Updating the values of A
The caching interface tracks whether the factorization is stale through the assignment linsolve.A = A. Mutating the stored values of A in place does not, on its own, tell the cache that A has changed, so the next solve! will silently reuse the old factorization and return a stale (wrong) result:
linsolve.A.nzval .*= 2 # in-place edit: NOT seen by the cache
LS.solve!(linsolve) # reuses the old factorization -> wrong answerThe supported way to signal that the values changed is to assign A back into the cache. Reassigning the same (now-mutated) matrix object is fine and still reuses the symbolic factorization when the pattern is unchanged:
import LinearSolve as LS
import LinearAlgebra as LA
import SparseArrays
n = 100
A = SparseArrays.sprand(n, n, 0.05) + 10.0 * LA.I
b = rand(n)
prob = LS.LinearProblem(A, b)
linsolve = LS.init(prob, LS.UMFPACKFactorization())

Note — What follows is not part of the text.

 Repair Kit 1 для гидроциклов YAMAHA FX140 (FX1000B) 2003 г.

sol1 = LS.solve!(linsolve)
# Update the values of A (same sparsity pattern), then signal the change:
A.nzval .*= 2
linsolve.A = A # triggers refactorization; symbolic part is reused
sol2 = LS.solve!(linsolve)
sol2.u100-element Vector{Float64}:
0.009641204824247024
0.025945614581122104
0.008929854148420605
0.015362207502316571
0.03462078799278962
0.025749168213308166
-0.001708566780397459
0.006735787308315144
0.038258658918430444
0.019912373268050114
⋮
0.040237222740472124
0.04488068648076178
0.01014360797619324
0.024069562158054933
-0.0004443506636360997
0.006629958745332541
0.011127402725001494
0.02869098213810123
0.034036938952320656Because the pattern is unchanged, sol2 reuses the cached symbolic factorization and only redoes the (cheaper) numeric factorization.

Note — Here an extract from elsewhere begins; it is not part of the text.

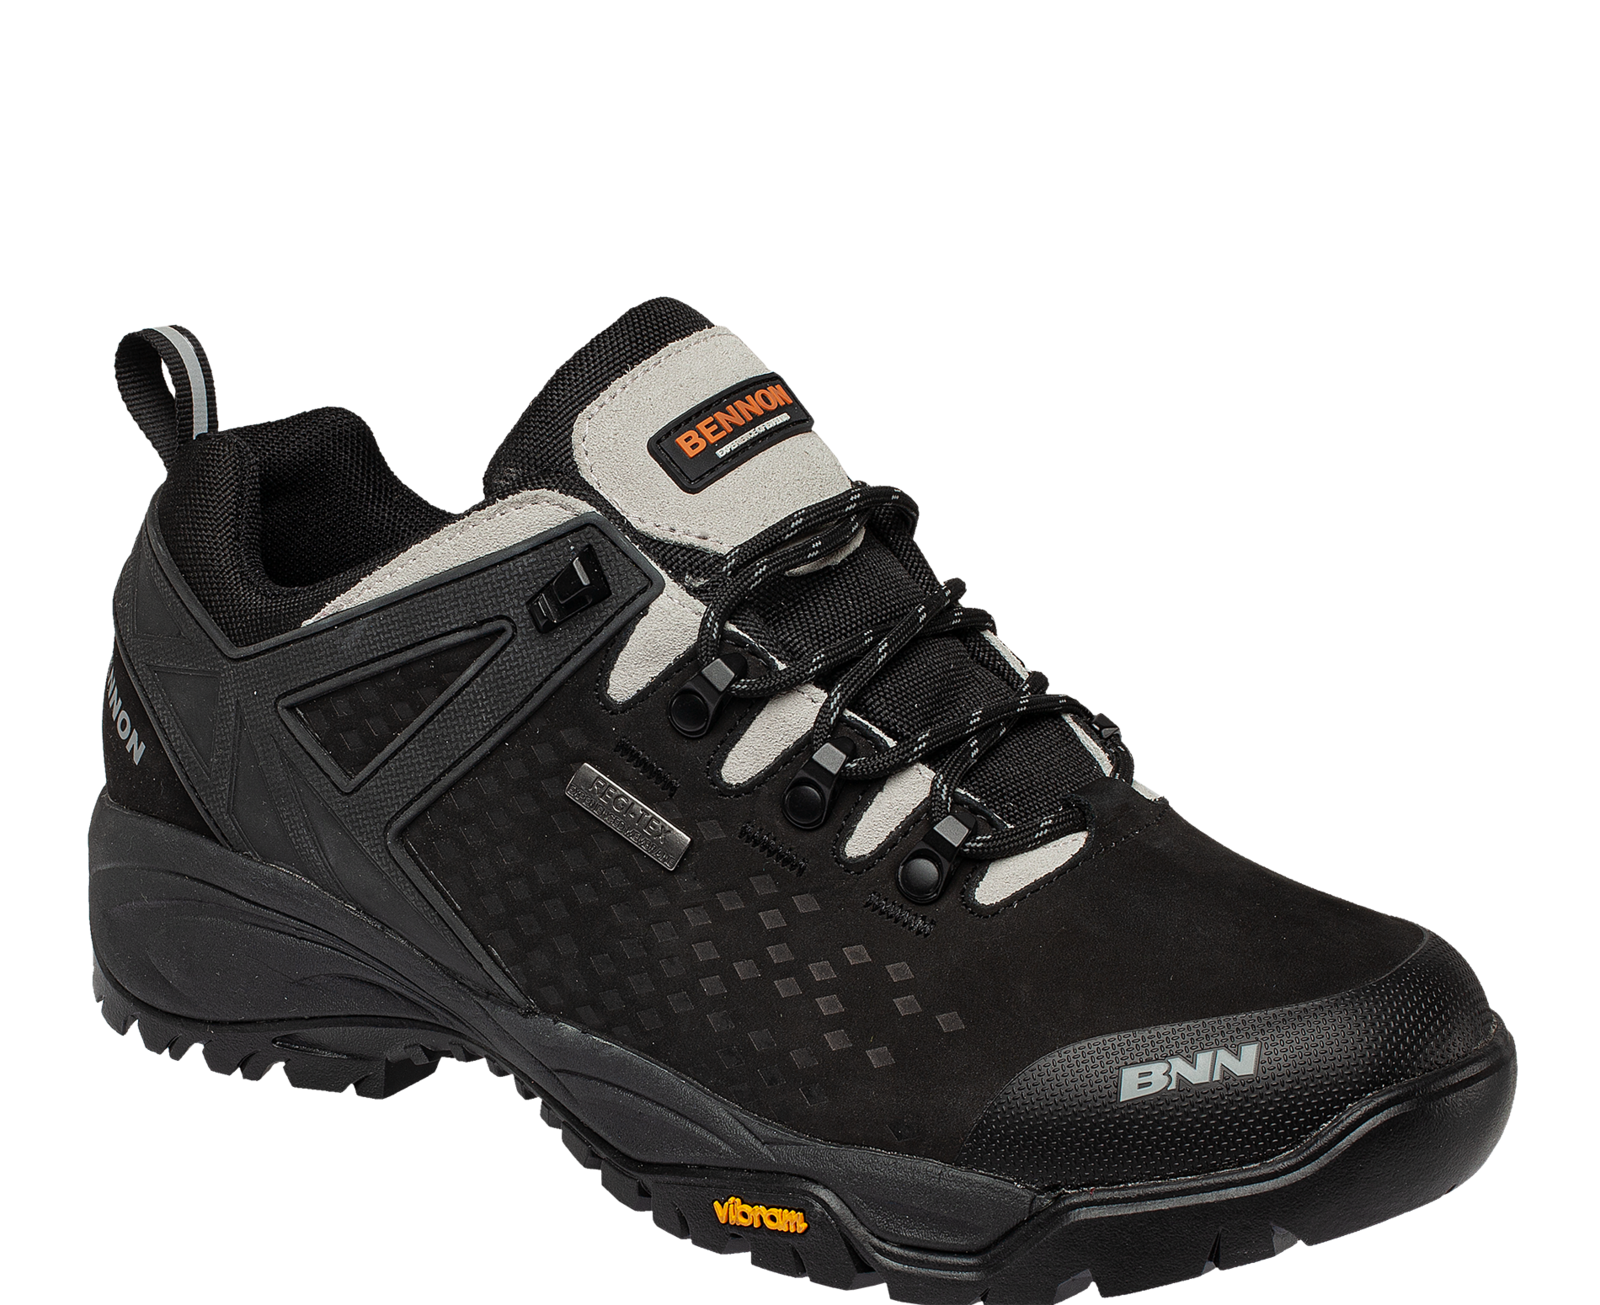 Outdoorová obuv Bennon Recado XTR O2 s membránou - veľkosť: 49, farba: čierna

Internally, the cache uses an isfresh flag to mark the factorization as stale, and assigning linsolve.A = A sets it. If you must edit A's values in place and want to avoid touching the matrix field, you can equivalently set linsolve.isfresh = true directly. Prefer linsolve.A = A, as isfresh is an internal detail. Either way, reuse_symbolic = true ensures the symbolic factorization is reused as long as the sparsity pattern is the same.